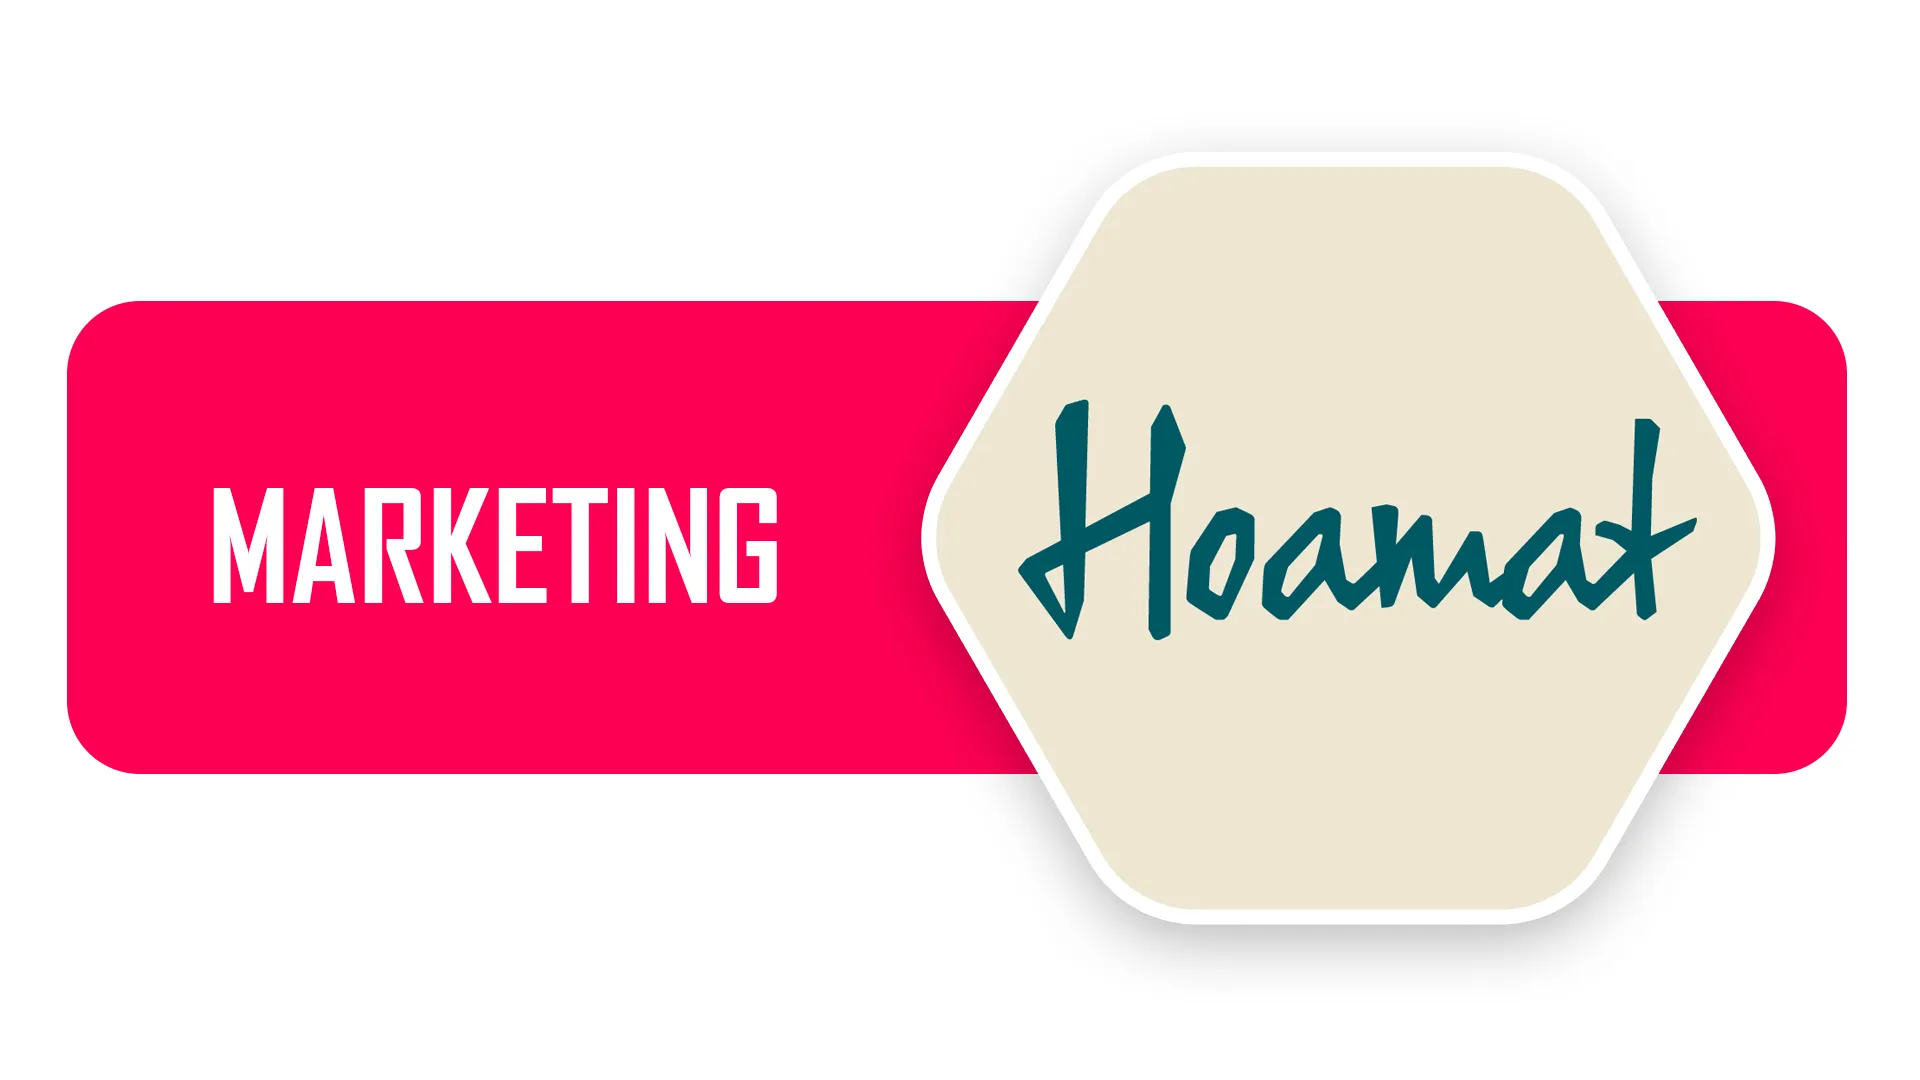 Corporate Branding & Marketing | HOAMAT
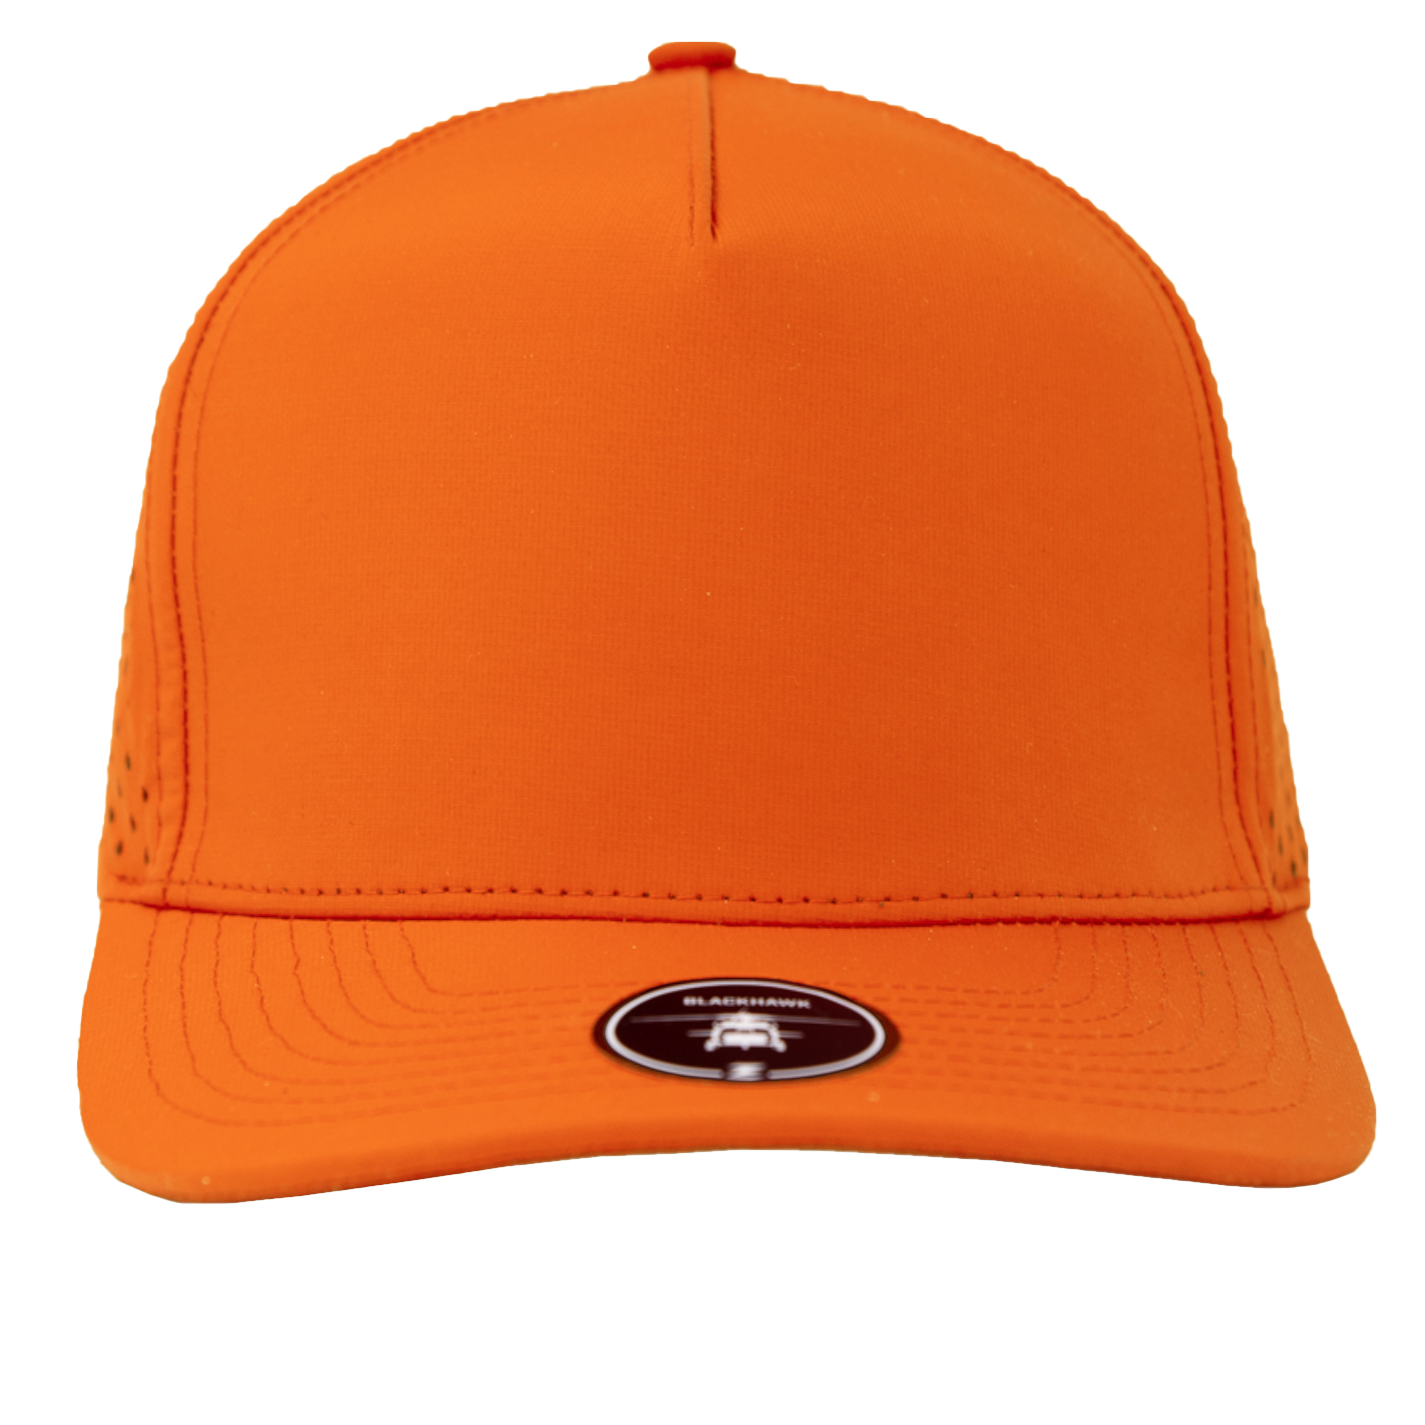 BLACKHAWK-Water Repellent hat-Zapped Headwear-blaze-orange-Zapped Headwear
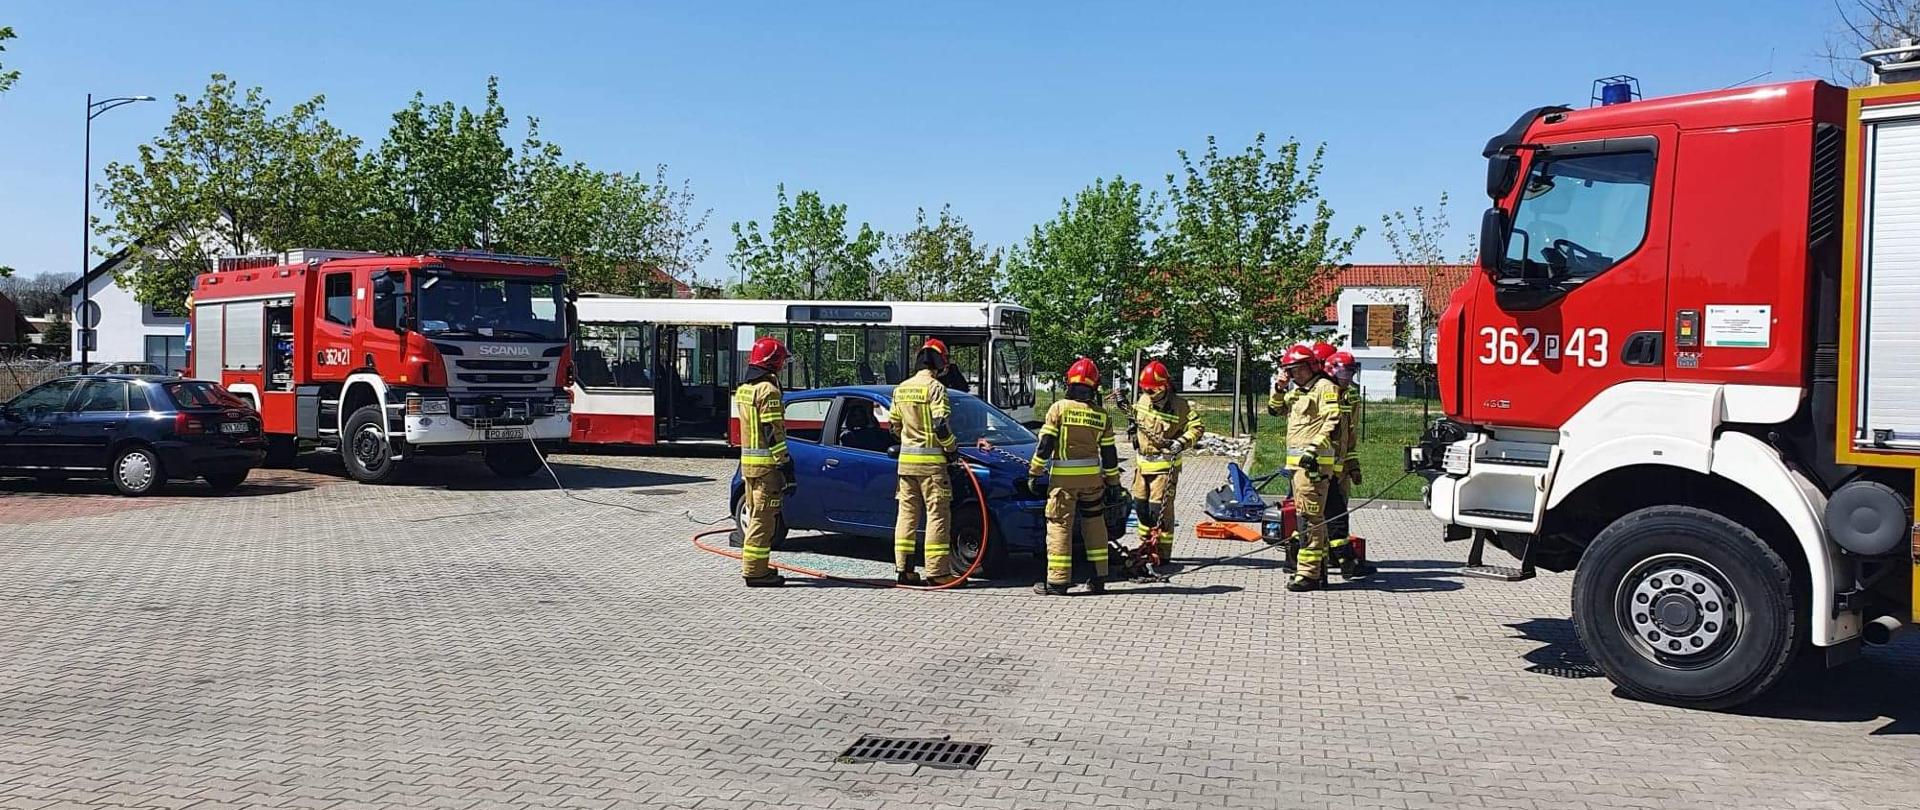 Zdjęcie przedstawia strażaków podczas ćwiczeń z zakresu ratownictwa technicznego. Strażacy przy pomocy urządzeń hydraulicznych oraz samochodów strażackich wykonywali dostęp do osoby poszkodowanej
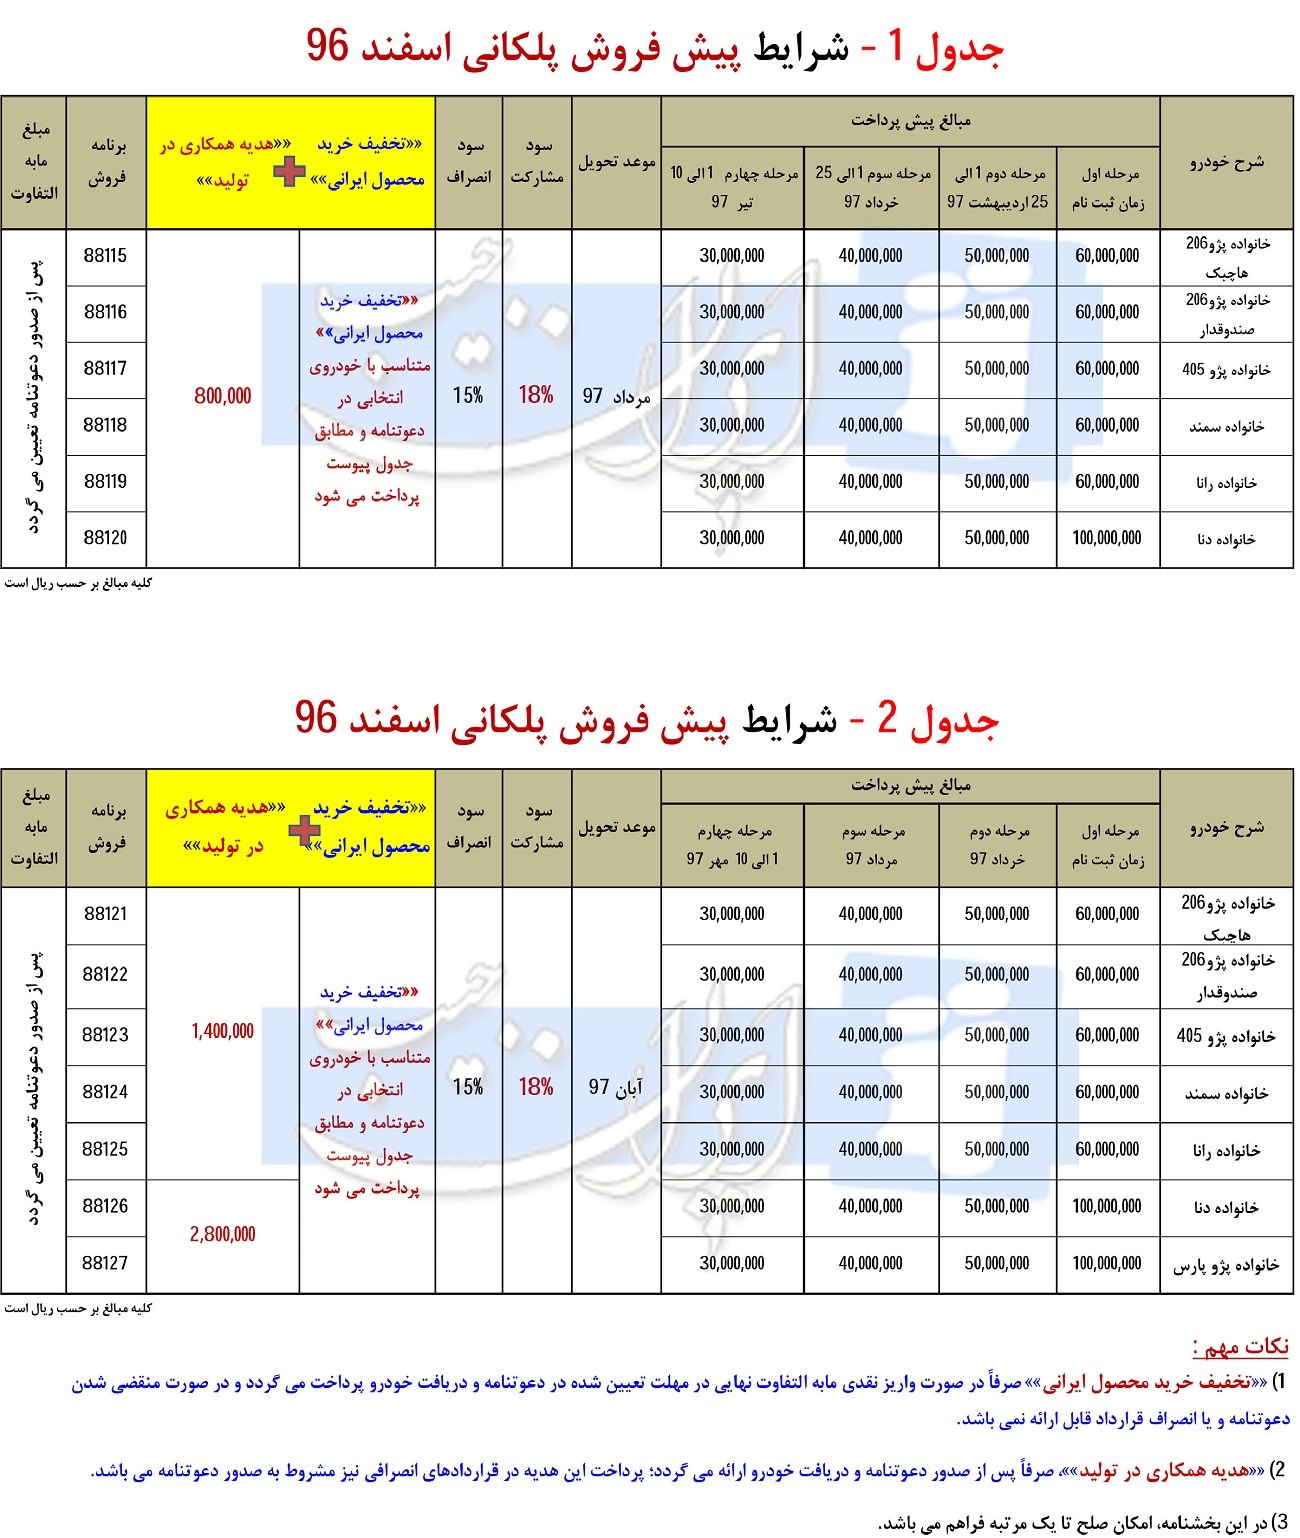 بخشنامه شماره 3 پیش فروش محصولات ایران خودرو ویژه اسفند 96 (سود مشارکت 18 درصد + تخفیف در خرید)
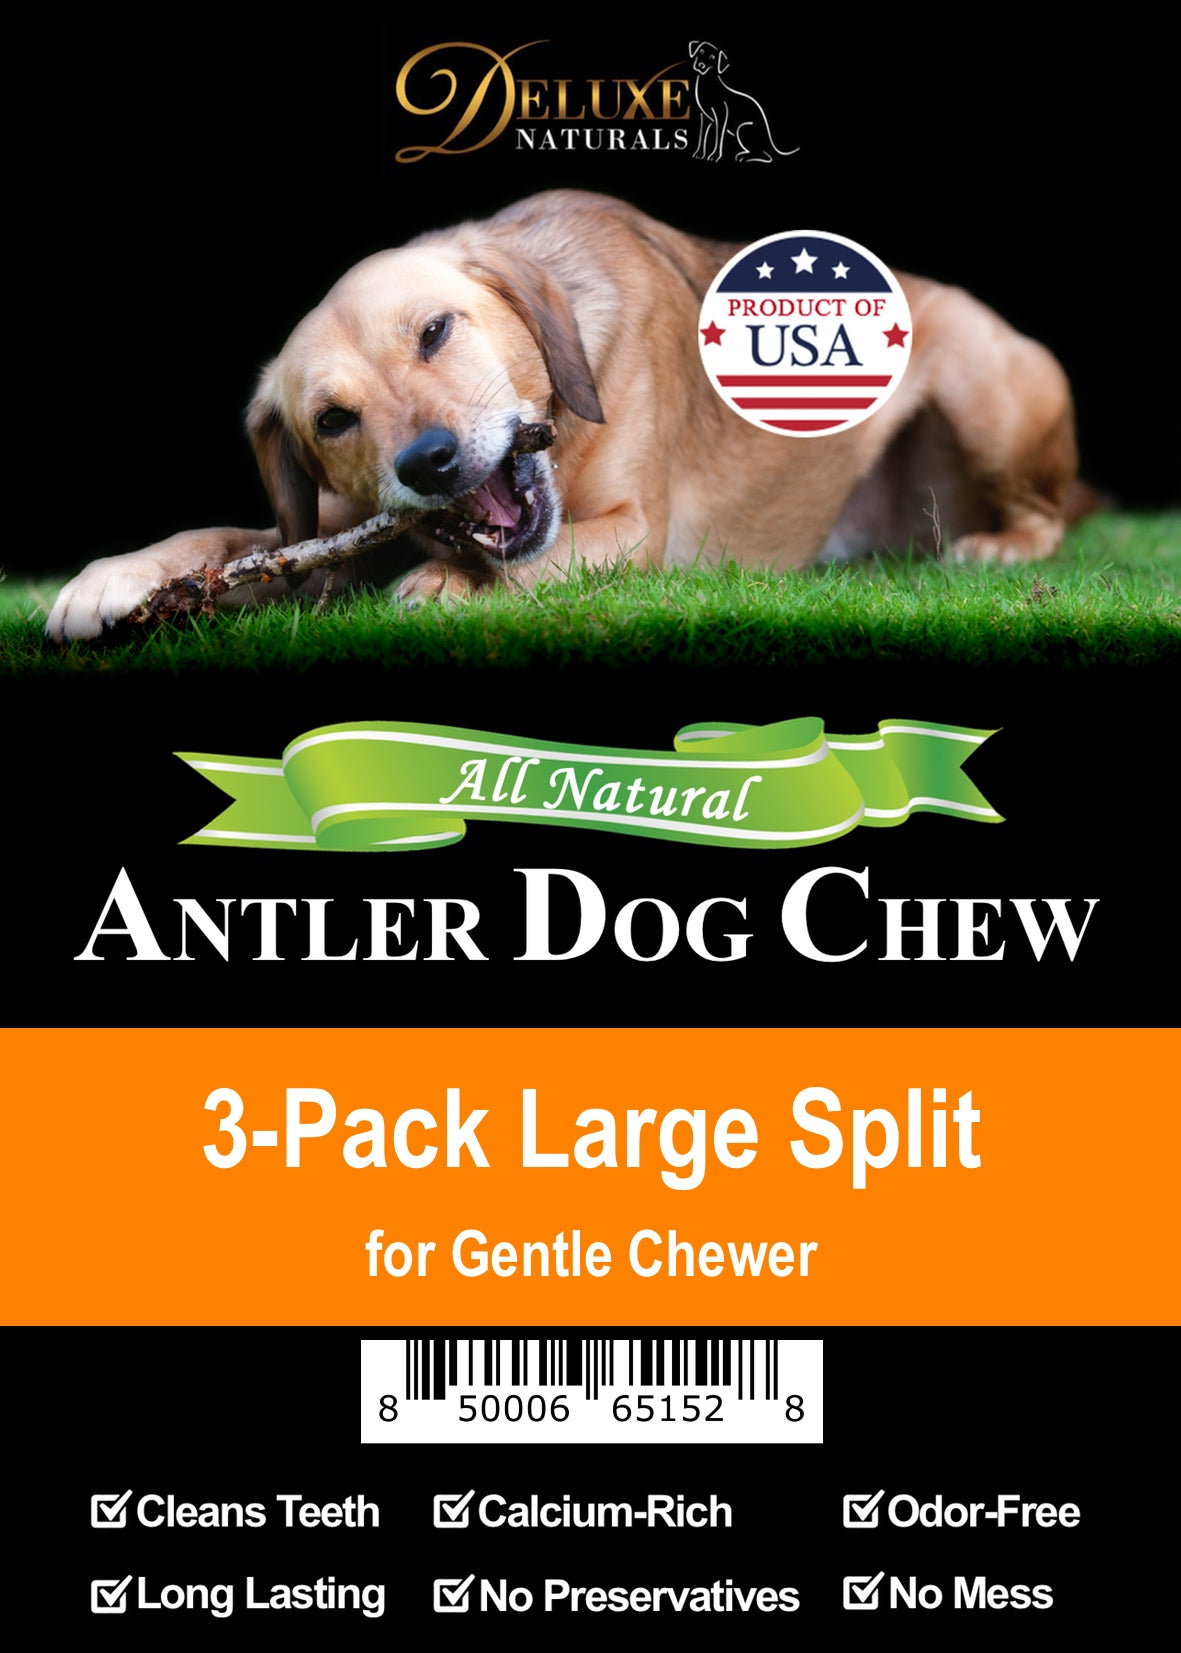 Deluxe Naturals 3-Pack Elk Antler Dog Chew - Large Split

▶ What needs to be done: Your answer is an exact copy of the records above, stripped of pictures.

▶ Response:
 Corporate Branding & Marketing | HOAMAT
 BLACKHAWK-Water Repellent hat-Zapped Headwear-blaze-orange-Zapped Headwear
 Zdjęcie przedstawia strażaków podczas ćwiczeń z zakresu ratownictwa technicznego. Strażacy przy pomocy urządzeń hydraulicznych oraz samochodów strażackich wykonywali dostęp do osoby poszkodowanej
 بخشنامه شماره 3 پیش فروش محصولات ایران خودرو ویژه اسفند 96 (سود مشارکت 18 درصد + تخفیف در خرید)
 Deluxe Naturals 3-Pack Elk Antler Dog Chew - Large Split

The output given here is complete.